The continued fight to eradicate polio gets an additional $34.8 million boost from Rotary in support of immunization activities and research to be carried out by the Global Polio Eradication Initiative. The funds will be used by the World Health Organization (WHO) and UNICEF for polio immunization, surveillance and research activities in ten countries, as well as to provide technical assistance to additional countries in Africa.
In 2014, the world saw significant progress against polio in most places. Nigeria – the last polio-endemic country in Africa – saw a nearly 90% reduction in cases in 2014 over 2013, with the last case recorded six months ago. In addition, more than half of the world’s polio cases in 2013 were the result of outbreaks in previously polio-free countries, largely caused by instability and conflict in countries such as Syria, Iraq and Somalia. These outbreaks appear to have been stopped in 2014 following special vaccination efforts in 11 countries, reaching more than 56 million children.
The exception to this progress was Pakistan, which saw an explosive outbreak which resulted in more than 300 cases in 2014, the highest number in the country in more than a decade. As a result, Pakistan accounted for almost 90% of the world’s cases in 2014. In 2015, Pakistan has the opportunity to reverse that trend and in doing so, help the world end polio forever.
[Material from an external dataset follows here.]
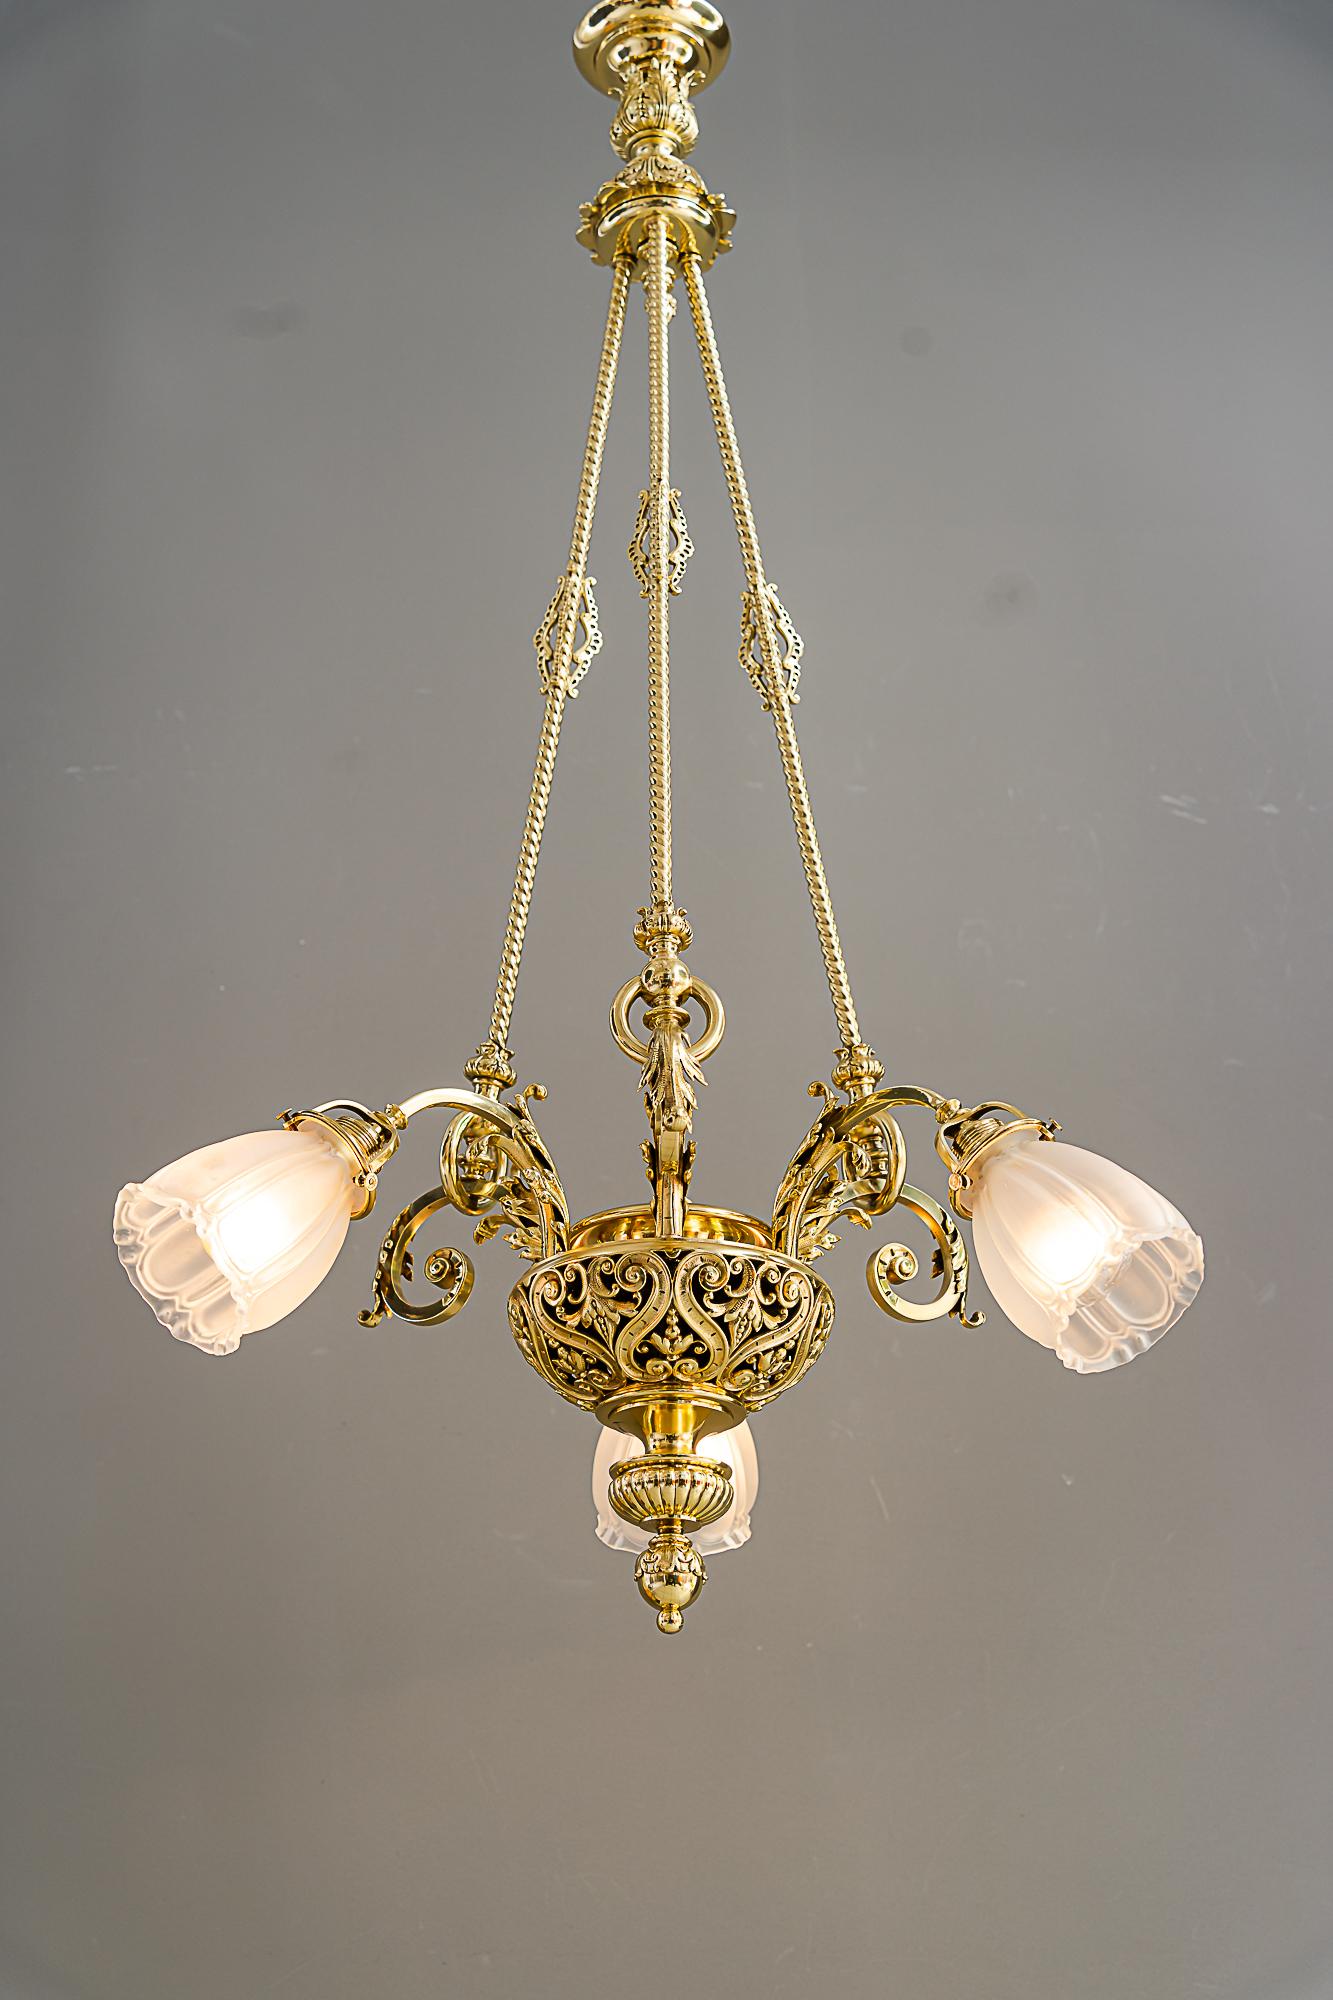 Historic chandelier vienna around 1890s with original antique glass shades For Sale 12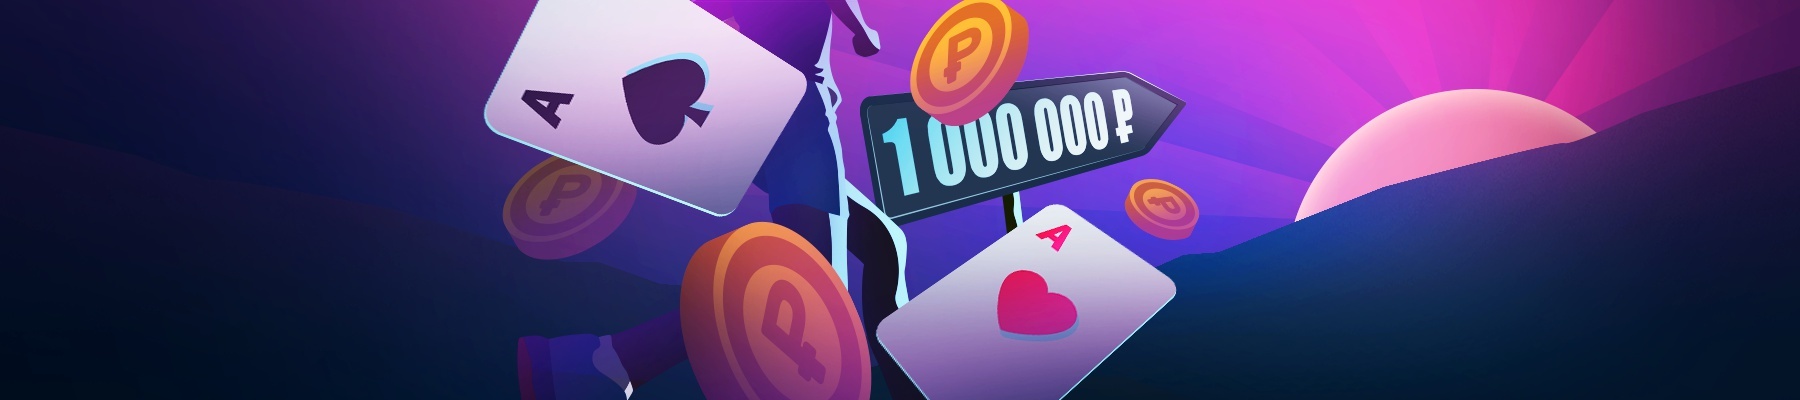 Программа "100 шагов к Миллиону" на Покердоме: выигрывай крупные призы каждый уровень!

The progress made against the disease in 2014, while significant, is fragile. Rotary’s funds will support efforts to end polio in the three countries where the disease has never been stopped: $8.1 million in Nigeria; $1.1 million in Pakistan and $6.7 million in Afghanistan.
Additional funds will support efforts to keep other at-risk countries polio-free. The grants include $1.6 million, Cameroon: $2.5 million, Chad; $3.3 million, Democratic Republic of Congo; $1.1 million, Ethiopia; $250,000, Kenya; $2.8 million, Niger; and $7 million, Somalia. In addition, grants totaling $321,000 will provide technical assistance in Africa.